## [WORK REQUEST]
The reply must consist of the complete listing, reproduced exactly, with no images included.

## [GIVEN MATERIAL]
========================================================================

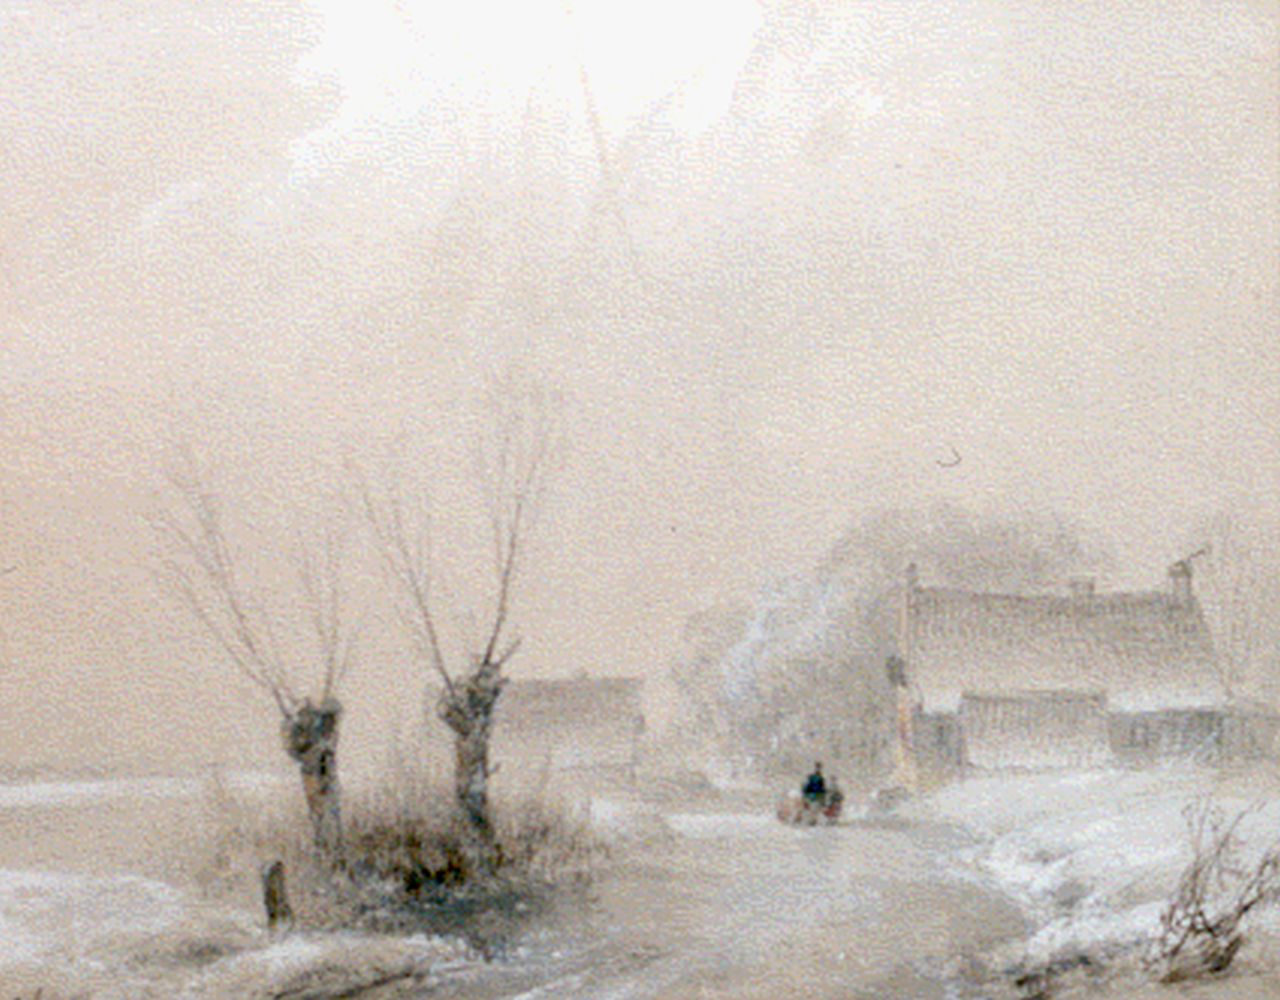 Schelfhout A.  | Andreas Schelfhout, A winter landscape, watercolour on paper 16.6 x 20.9 cm, signed l.l.
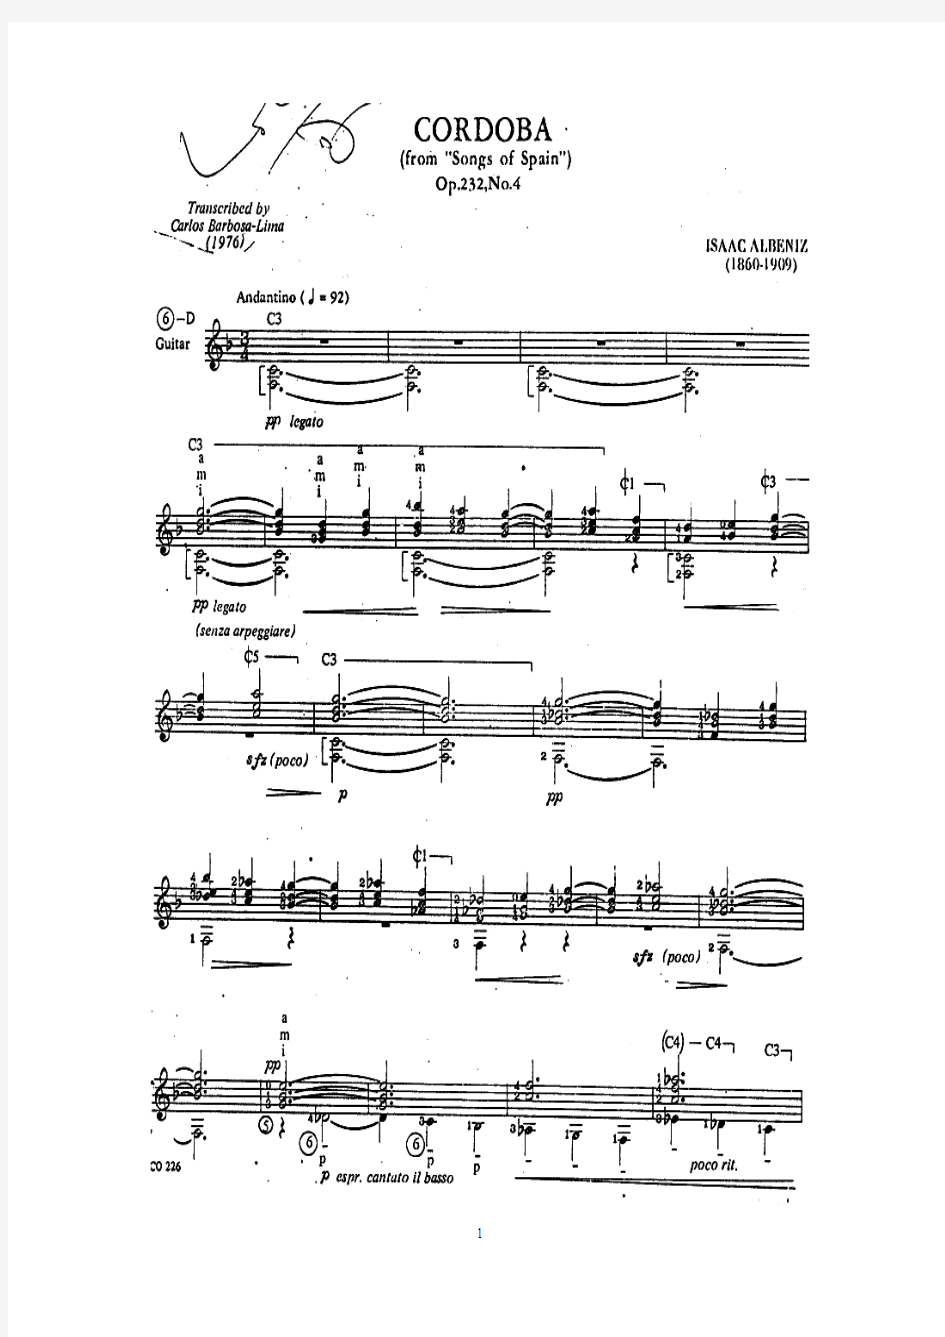 科尔多瓦 Cordoba,op.232-04;阿尔贝尼斯 Isaac Albeniz(Barbosa-Lima古典吉他谱)
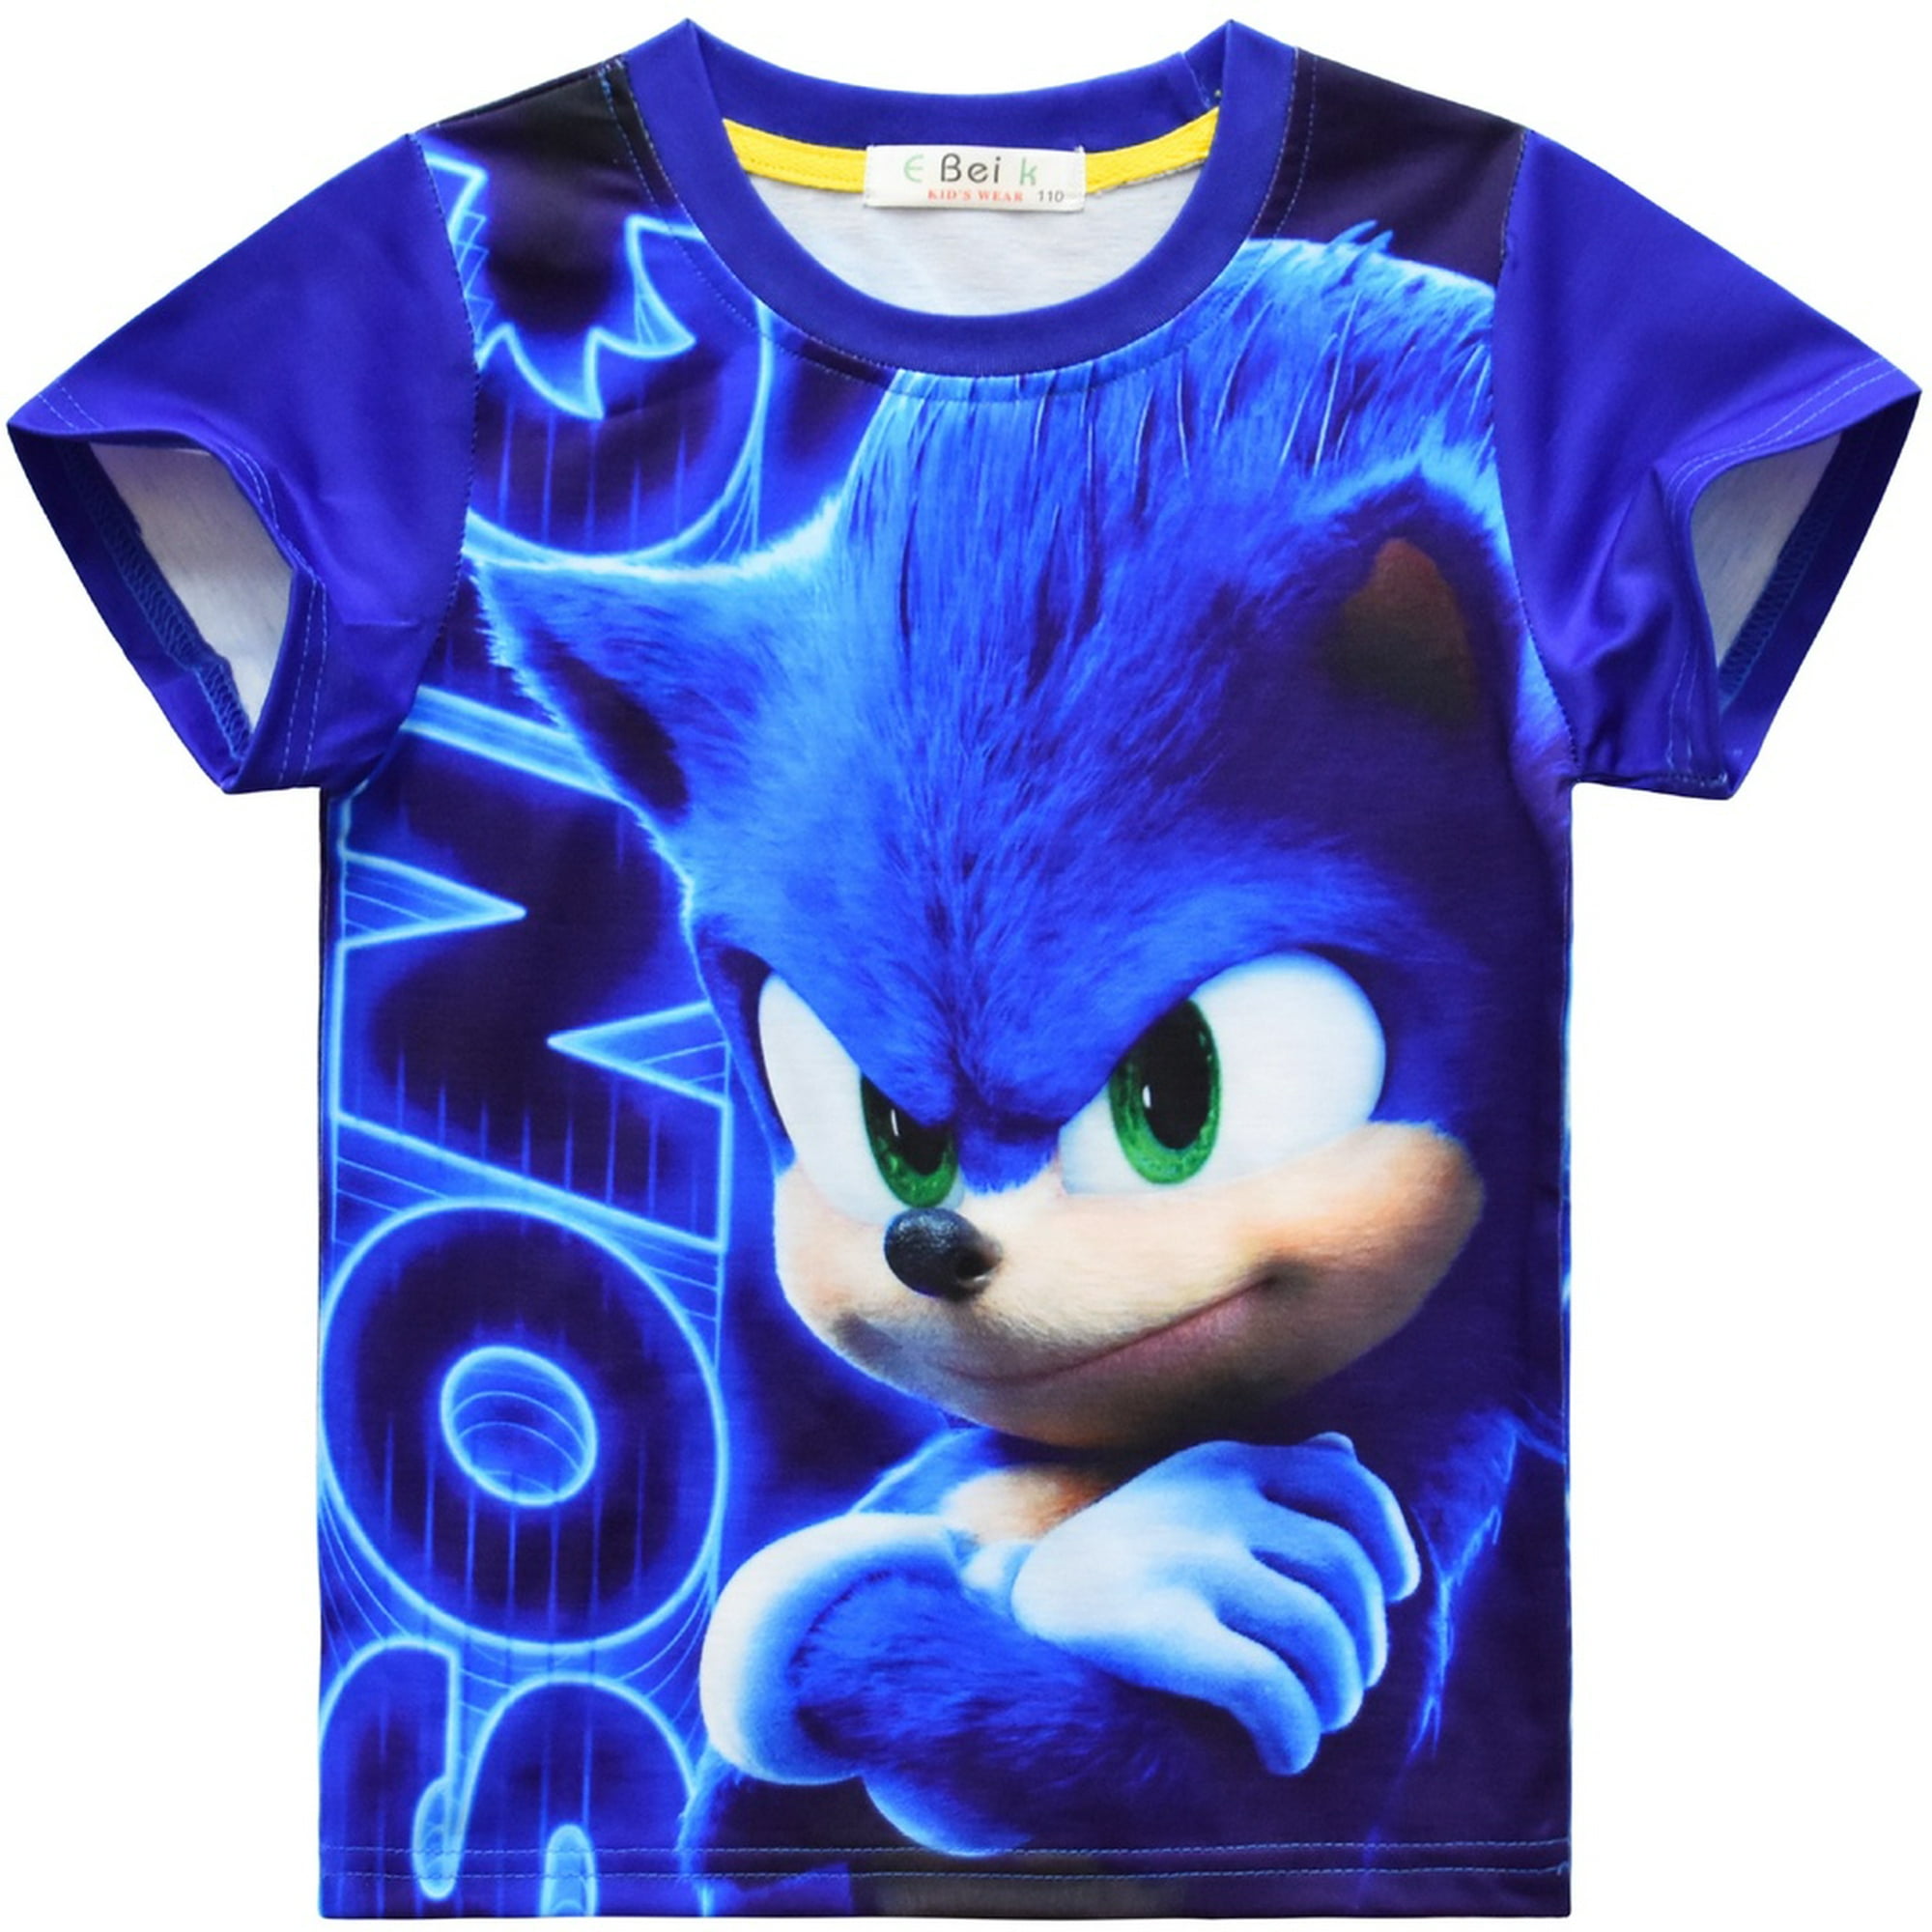 Nuevo Sonic the Hedgehog Cosplay Disfraz Para Niños Juego De

========================================================================

## [SOLUTION]
 Schelfhout A.  | Andreas Schelfhout, A winter landscape, watercolour on paper 16.6 x 20.9 cm, signed l.l.
 科尔多瓦 Cordoba,op.232-04;阿尔贝尼斯 Isaac Albeniz(Barbosa-Lima古典吉他谱)
 Nuevo Sonic the Hedgehog Cosplay Disfraz Para Niños Juego De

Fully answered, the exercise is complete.